So in a DNA molecule,
it's a sequence of this basis, A, G, C, and D. You get the freedom to decide which of the short
molecules you need to generate. And then these molecules get stored. And then during the storage,
some of them are lost. Some of them can be damaged. There can be insertions and deletions
of bases on every molecule, like we call them strands. So you need redundancy. And
there are two forms of redundancy. There is redundancy that goes across strands,
and there is redundancy on the strand. And so, yeah, so kind of from the error correcting side
of things, like we get to decide what kind of redundancy we want to introduce across strands
on the strand. And then like we want to make sure that our encoding and decoding algorithms
are efficient. So that's the coding theory angle on the strand. And then we want to make sure that our encoding and decoding algorithms are efficient. So that's the coding theory angle on the field. Yeah. And then from there, once you
have that data encoded into DNA, the question is, how do you make that data on a scale that's
compatible with digital data storage?

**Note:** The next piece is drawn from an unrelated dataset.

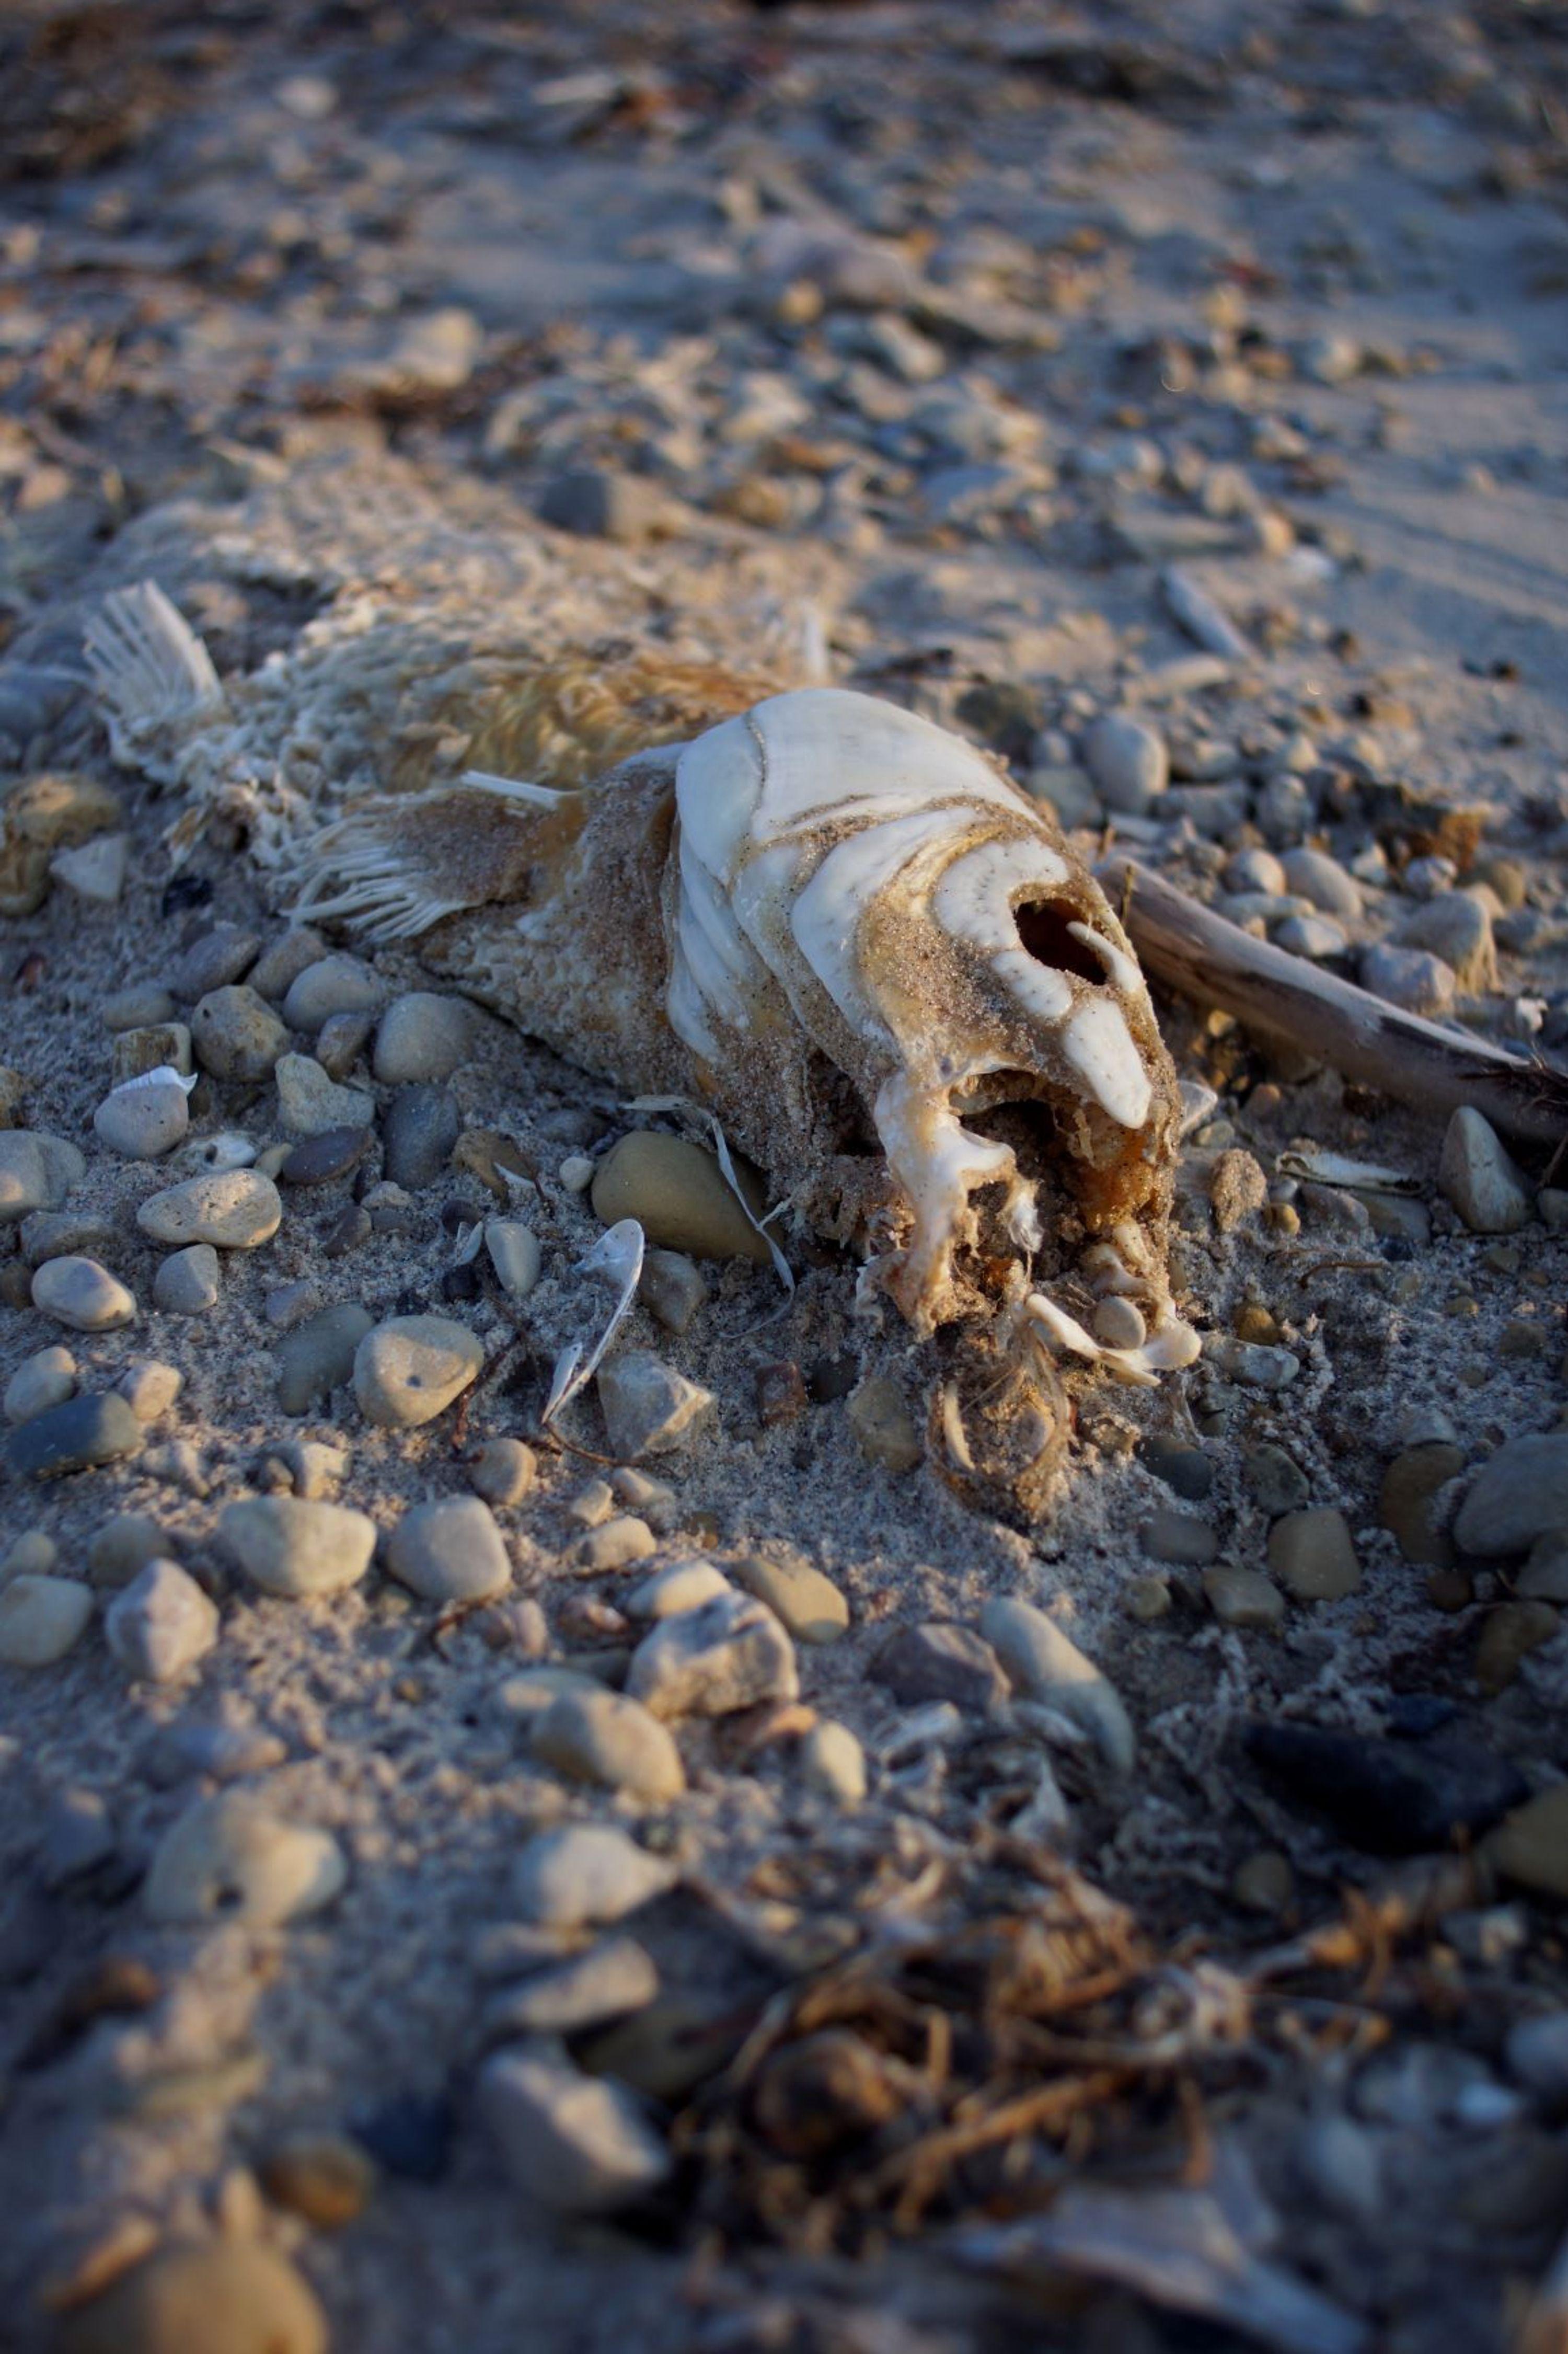 A dead fish on the beach

And so that's where a lot of the work came in for really
automating the synthesis process and also the reading process as well.
So synthesis is what we consider the writing process of DNA data storage.
And so we came up with some unique ideas there.
We made a chip that enabled us to get to the densities that we needed.
And then on the reading side, we used different sequencing technologies. And it was
great to see that we could actually just kind of pull sequencing technologies off the shelf
because people are so interested in reading biological DNA. So we explored the Illumina
technologies and also Oxford Nanopore, which is a new technology coming in the horizon. And then preservation, too, because we have to make sure that the data that's stored in the DNA doesn't get damaged
and that we can recover it using the error-correcting codes.
Yeah, absolutely.
And it's clear that, and it's also been our experience,
that DNA data storage and projects like this require more than just a team of computer scientists.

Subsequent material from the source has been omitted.